My own personal biggest hard “nope” has to do with so-called anthropogenic global warming/global cooling/climate change concept alleged to be caused by human activity and industry. I don’t care how much the autistic Swedish teenager scowls at us all, or Al Gore flies from his many lavish mansions, to one important conference after another, to lecture us all about our carbon footprint. Earth’s temperatures and conditions have swung wildly over millennia, without any help from human beings at all. Canada and the north-central US were once covered by a mile of ice. The Sahara desert was once a grassland interspersed with marshes, rivers and lakes. In Roman times, it was temperate enough in England to grow wine grapes, while around 1000 AD it was warm enough for subsistence farming in Greenland … and then the climate turned colder all across Europe, until the River Thames froze solid enough between the 14th and 18th centuries to host so-called Frost Fairs on the solid ice. Avenues of shops opened on the ice, racing events, puppet shows and all manner of entertainments took place. The massive explosion of an Indonesian volcano in early 1815, on the other hand, led to a so-called year without summer in the northern hemisphere in 1816. The climate of earth has changed drastically, without any human input over conditions even before humans existed, so what the heck have gas stoves or gasoline engines or even coal-fired power plants have to do with it?

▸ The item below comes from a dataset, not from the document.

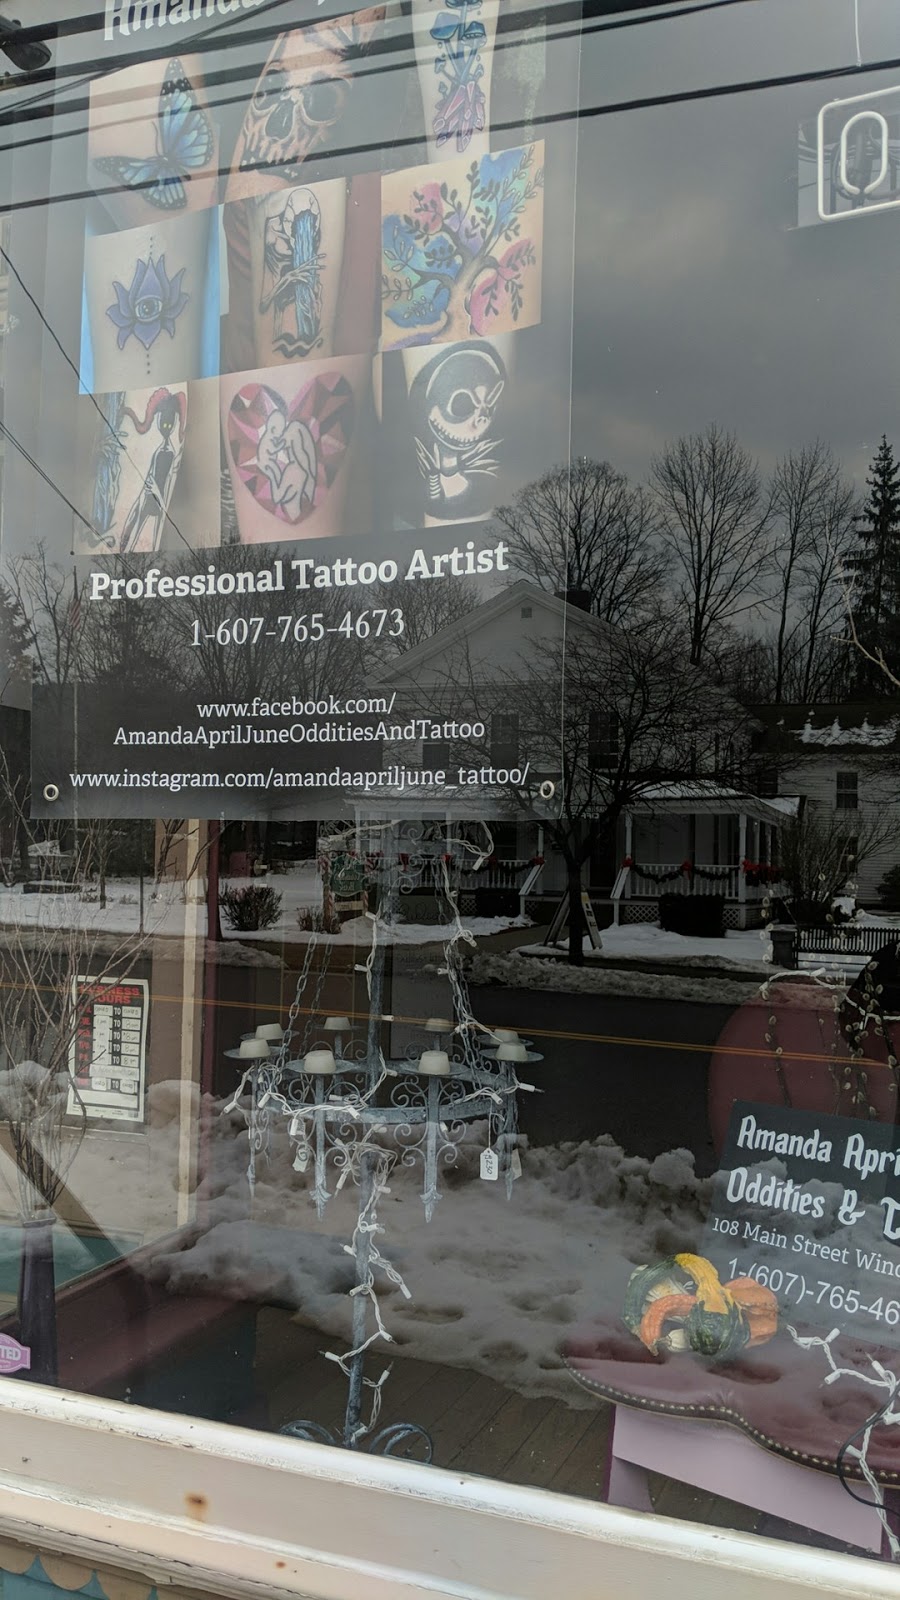 Amanda April June Oddities & Tattoo Parlor | 108 Main St, Windsor, NY 13865 | Phone: (607) 765-4673

I’ve got another couple of hard “nopes” but anthropogenic climate change is just the main one at present. What are some other personal hard “nopes” among you all? Discuss as you wish.

34 thoughts on “The Hard “Nope””

  1. It’s an interesting way of looking at things, and I think, one that should be seriously considered by those that are in the business of political persuasion.

    My list of “nopes” includes suppression of free speech and hostility toward prosperity.

  2. The conflation of CFC’s with the “ozone hole” is yet another way that the collectivist/statist/authoritarians have managed to exercise power, control , and profit from fear-mongering.

    Remember all that nonsense? The fact that DuPont’s patents were expiring, and that they won subsidies from the US government to build their new refrigerant manufacturing facilities had nothing to do with it, of course. Banning non-toxic, non-explosive R-12 and R-22 because of the effect their release into the atmosphere had was abject nonsense from the start. A single volcanic eruption (Pinatubo was in that era, if I recall correctly) injects orders of more magnitude of chlorine compounds directly into the stratosphere than humanity has ever produced in its existence on planet Earth.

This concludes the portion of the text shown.